By Dominic Messier, Founder, Editor and Film Critic
In a cinematic universe where global doom looms on the horizon pretty much every other Tuesday (and week-ends), the mood is more likely than not going to be gloomy with a side of glimmery hope.
With all the heroes of the Marvel Universe busying themselves defending the planet — or guarding the Galaxy, as it were — against celestial tyranny, it was refreshing to take a break from the sturm und drang of it all, to focus on the brawnier contingent of the Avengers team, namely Thor Odinson and Bruce Banner, or more precisely his gamma-irradiated alter-ego The Hulk.
The resulting mini-saga is both a hilarious adventure and a mighty chapter in the Thunder God’s life path, as the title Ragnarok suggests.
When we’d last seen Thor (Chris Hemsworth), the strongest Avenger had just helped thwart the plans of homicidal robot Ultron and saved a Sokovian people from annihilation alongside his powered teammates.
Having learned of his father Odin’s troubles back on Asgard, the Mighty Thor returns to his fabled homeland only to discover that his father has gone MIA — replaced in disguise by God of Mischief Loki (Tom Hiddleston), who sought to rule Asgard as his own.
Upon discovering that Odin (Sir Anthony Hopkins) has gone to Norway to leave the mortal realm, Thor and Loki spend a few last moments with the Allfather, before learning of a first-born daughter — Hela, Goddess of Death (Cate Blanchett) — who is the rightful ruler and successor to the throne.
Needless to say, the fit hits the shan, as it were, and the feuding brothers find themselves exiled and then reunited on the alien planet Sakaar, ruled by the immortal and eccentric Grandmaster (Jeff Goldblum). There, Thor is forced into gladiatorial battle against a familiar face: The Incredible Hulk, thus answering the question about Banner’s (Mark Ruffalo) whereabouts these past several movies.
What follows is somewhat of a road movie with the mightiest of heroes seeking to find a way home and defeat Hela in the process.
Partially inspired by both the Thor title’s Ragnarok subplot and elements of The Incredible Hulk‘s “Planet Hulk” storyline, Thor Ragnarok is a welcome break from the multi-film arc leading to this year’s Avengers Infinity War epic, stones and all.
Infused with much-needed humor and dazzling visuals in the customary Marvel way, the film gives Hemsworth and Ruffalo the chance to shine in a more respectable and fair way than they would in larger ensemble films.

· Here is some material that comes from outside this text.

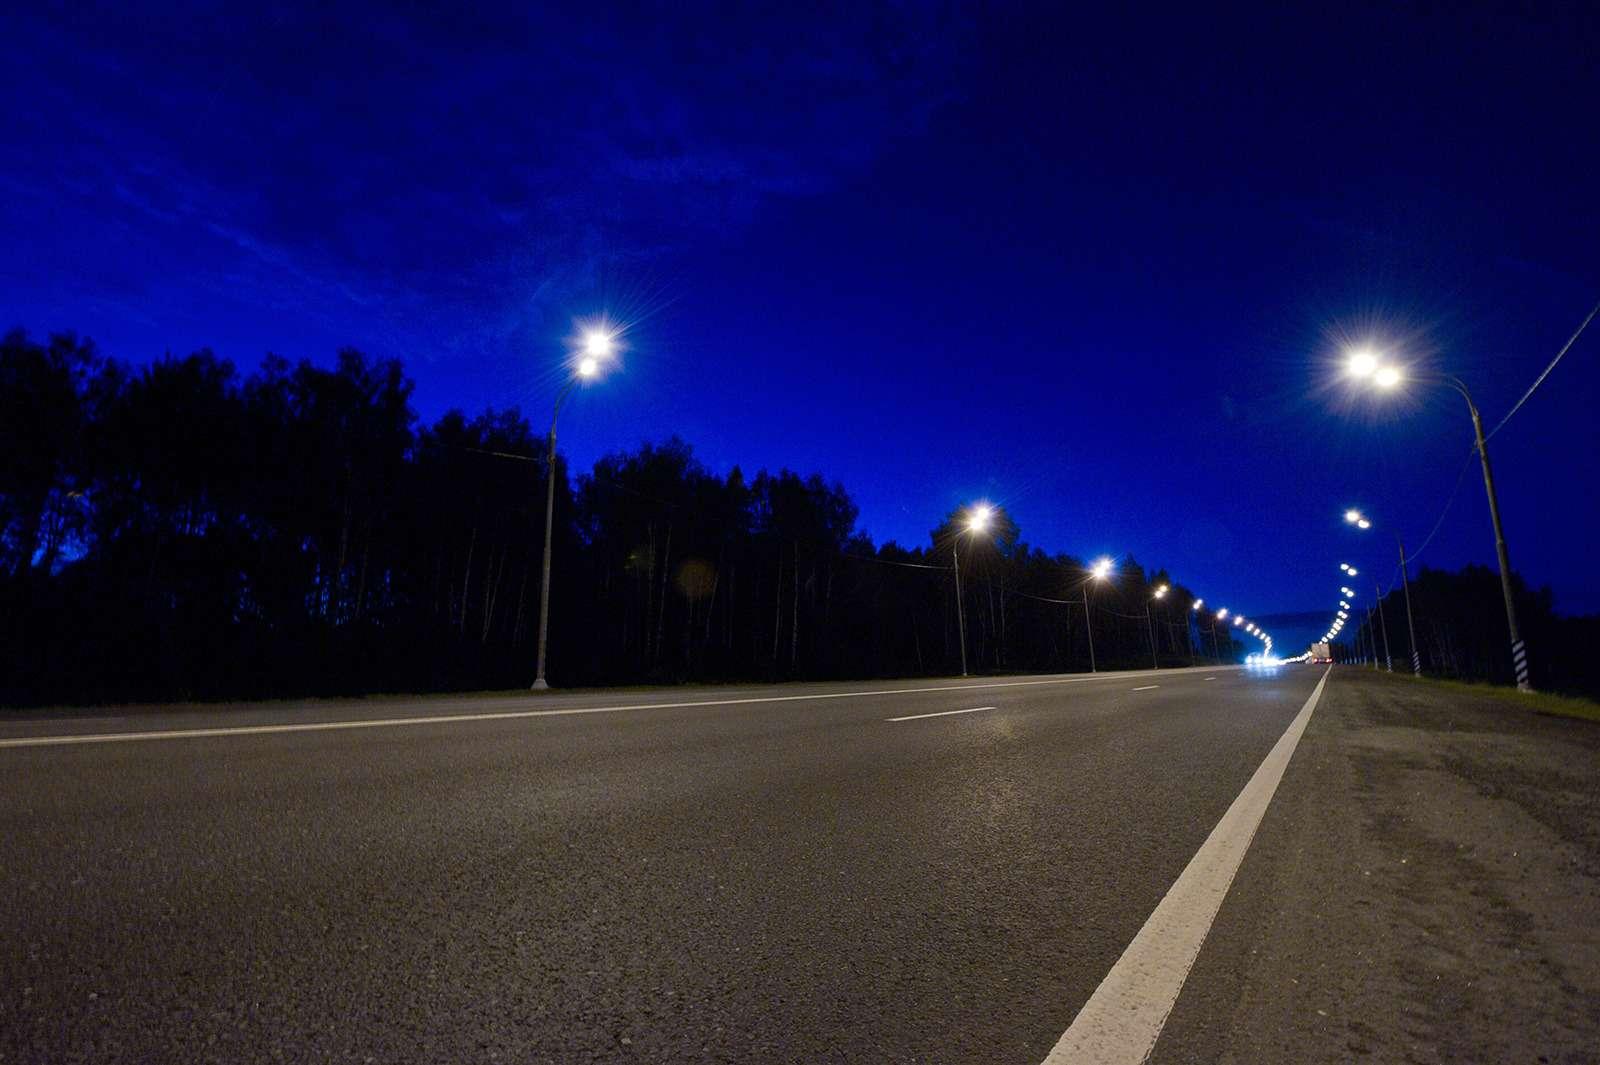 6xUrzNtYu1 28XkQKADV4g - Медведев призвал строить больше «бетонок»

Having considered each other frenemies of sorts since first duking it out on the deck of the SHIELD helicarrier in the first Avengers film, we knew it was only a matter of time before the old rivalry resurfaced, making their reunion in the alien battle arena welcome and a tad overdue.
Without turning into a farcical parody altogether, Ragnarok allows for enough plot to tone down what would otherwise be called a buddy-road movie starring misfit heroes and redemption-seeking villains (cue Loki and newcomer Valkyrie, played by Tessa Thompson.)
Cate Blanchett has a blast chewing up the scenery as the deliciously maniacal Hela, in a way only a slighted, disowned daughter ever could. Though her introduction feels a bit botched and tacked onto the main Sakaar-based plot as an afterthought, we’re still happy to see her lock horns….well, claws and fists, anyway — against our favorite muscled heroes and their supporters.
Masterfully directed by Taika Waititi (who also voices Korg, the rock-skinned laid back warrior Thor befriends while in captivity), Thor Ragnarok will make you happy you’ve stuck with the Marvel peeps for seventeen movies (eighteen if you count Black Panther.) I strongly recommend you give the film a second screening with audio commentary by the self-deprecating Waititi, which turns the affair into a great second adventure as he jokes and banters for the running time. There’s also a blooper reel, but it lacks the goofiness of past film’s B-rolls, offering us stunt accidents and script blunders.
Also, try not to ever think of this film each time you ever hear Led Zeppelin’s Immigrant Song going forward. The greatest earworm, to say the least.